Go through the listing below and repeat it exactly, omitting each picture.

DATA EXTRACT Block Start

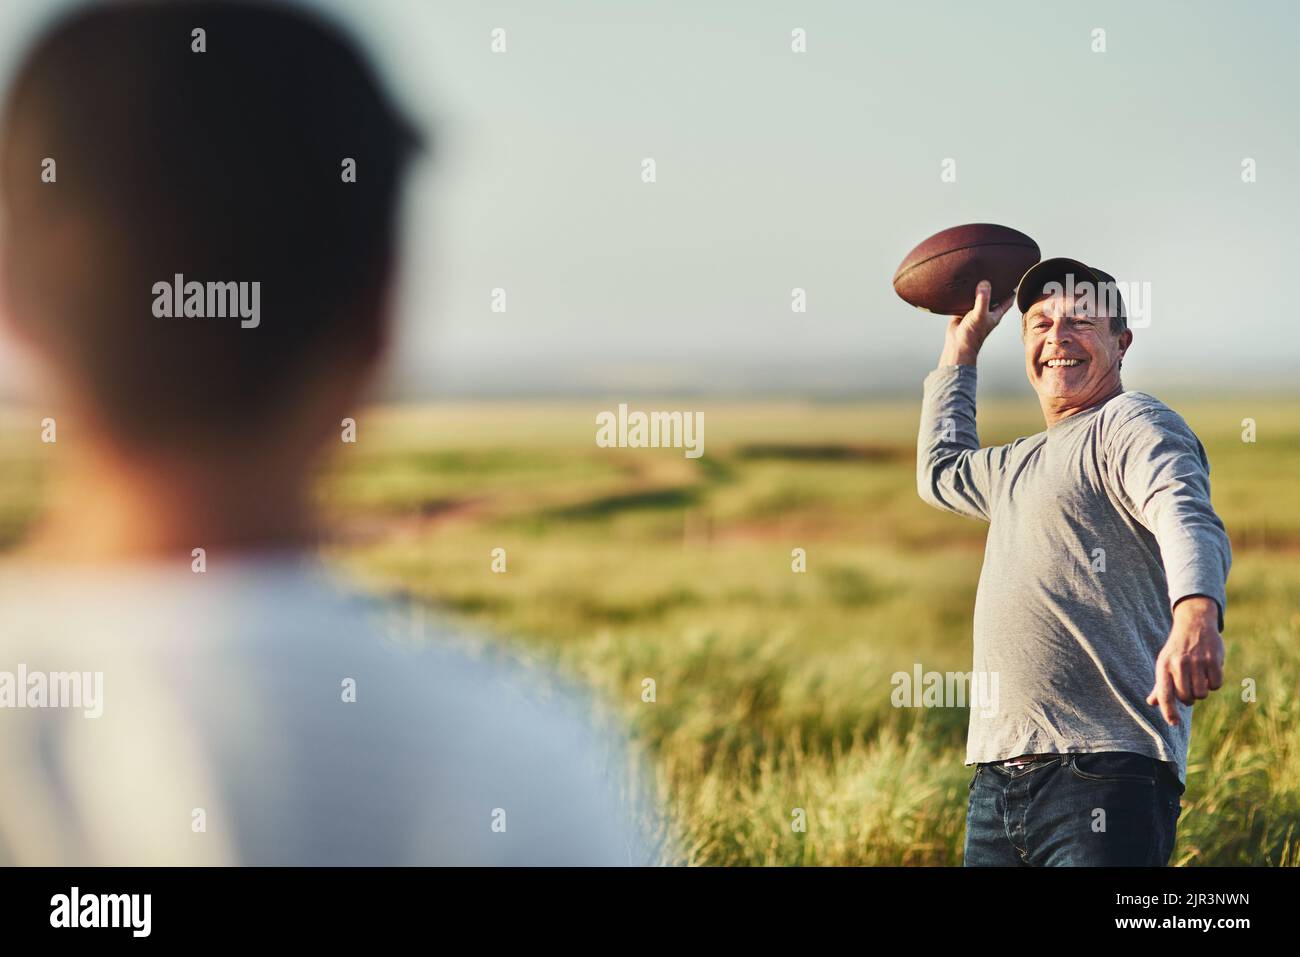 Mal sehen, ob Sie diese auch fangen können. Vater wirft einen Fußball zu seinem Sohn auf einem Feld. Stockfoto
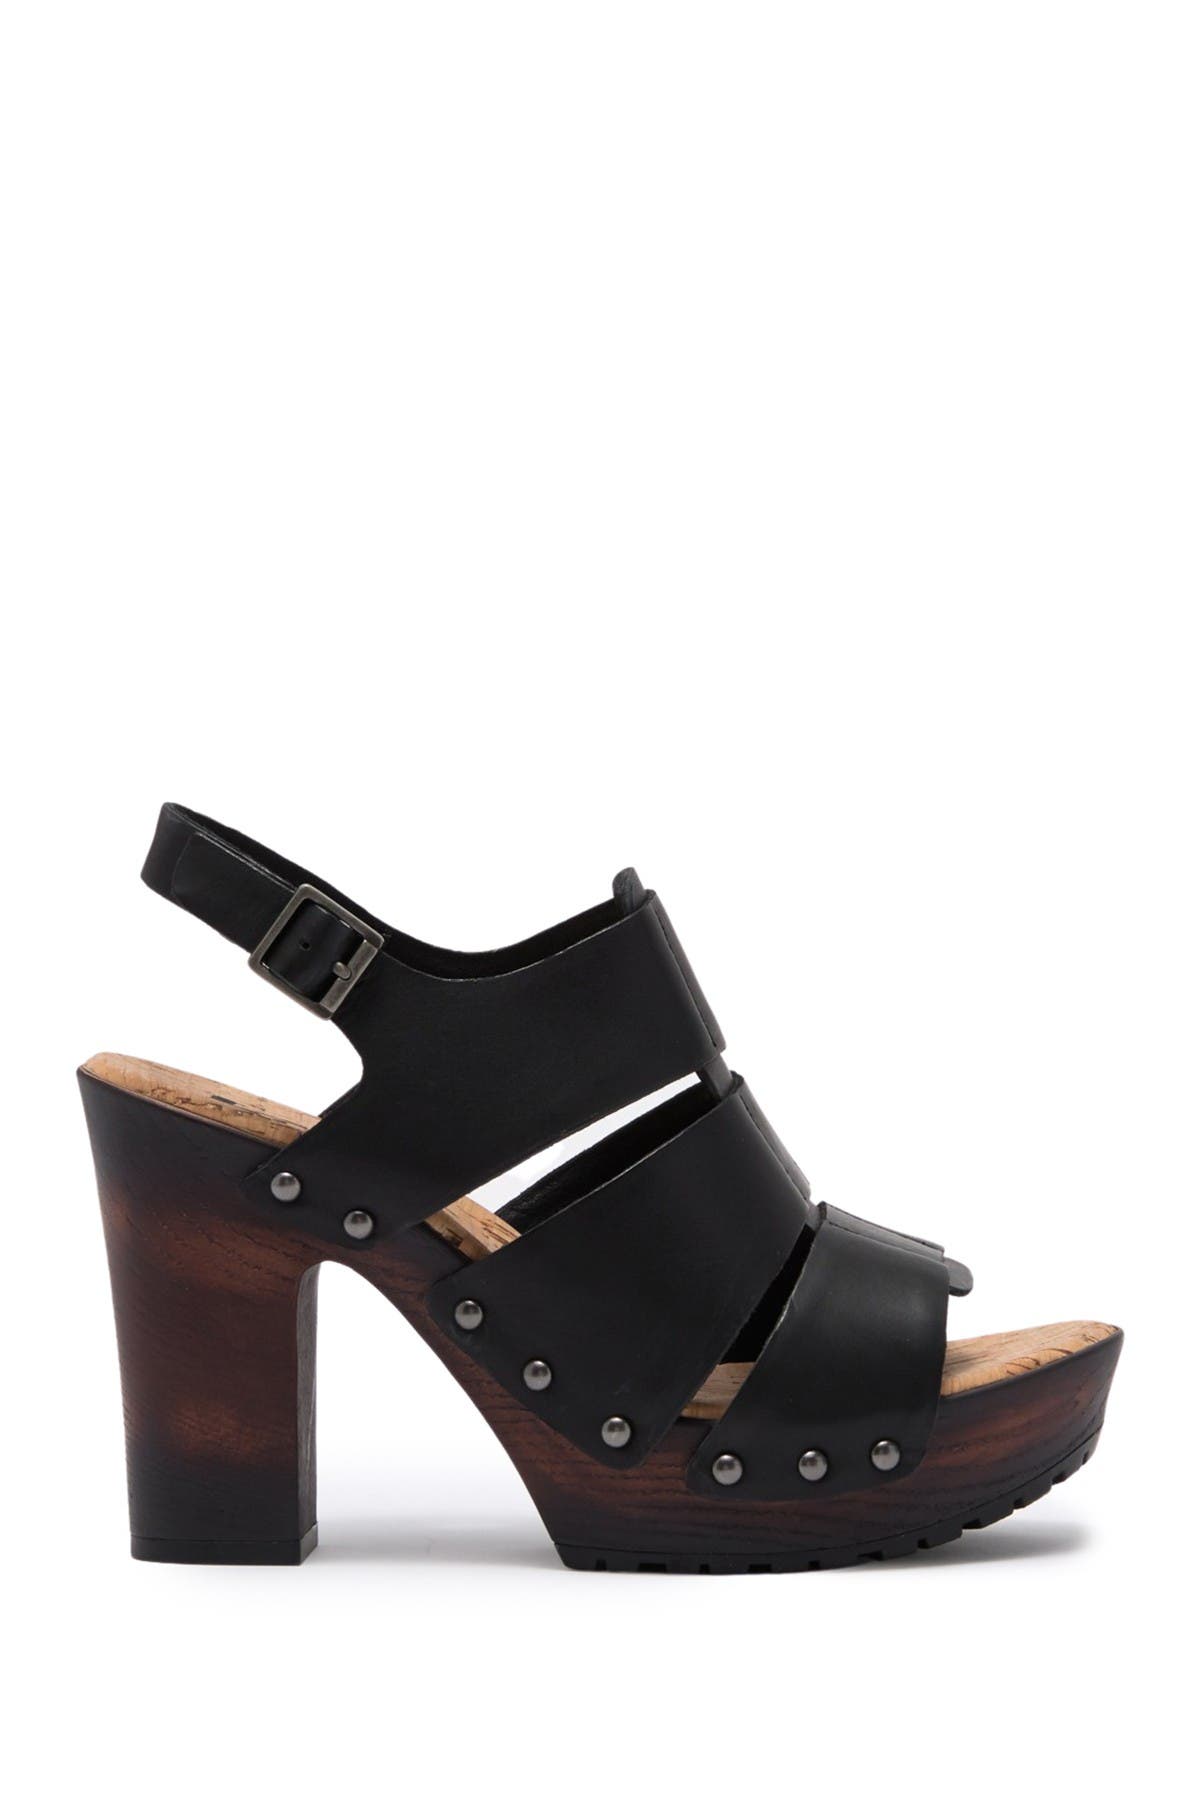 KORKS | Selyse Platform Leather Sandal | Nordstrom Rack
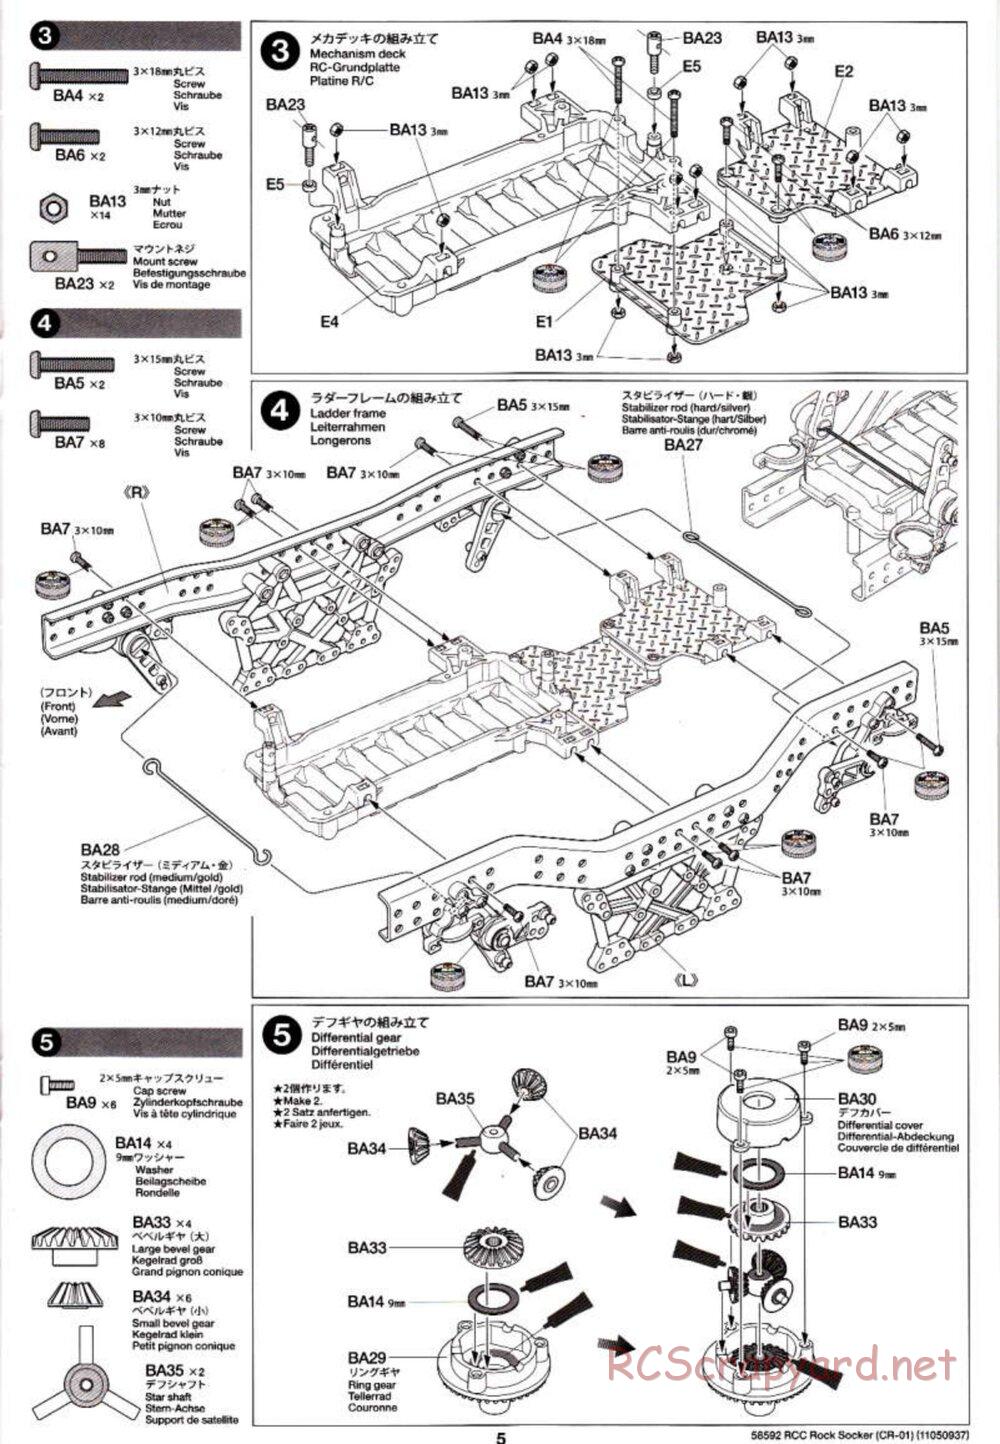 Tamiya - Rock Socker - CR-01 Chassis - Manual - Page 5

DATA EXTRACT Block End

§ WRITTEN SOLUTION
 Mal sehen, ob Sie diese auch fangen können. Vater wirft einen Fußball zu seinem Sohn auf einem Feld. Stockfoto
 KORKS | Selyse Platform Leather Sandal | Nordstrom Rack
 Tamiya - Rock Socker - CR-01 Chassis - Manual - Page 5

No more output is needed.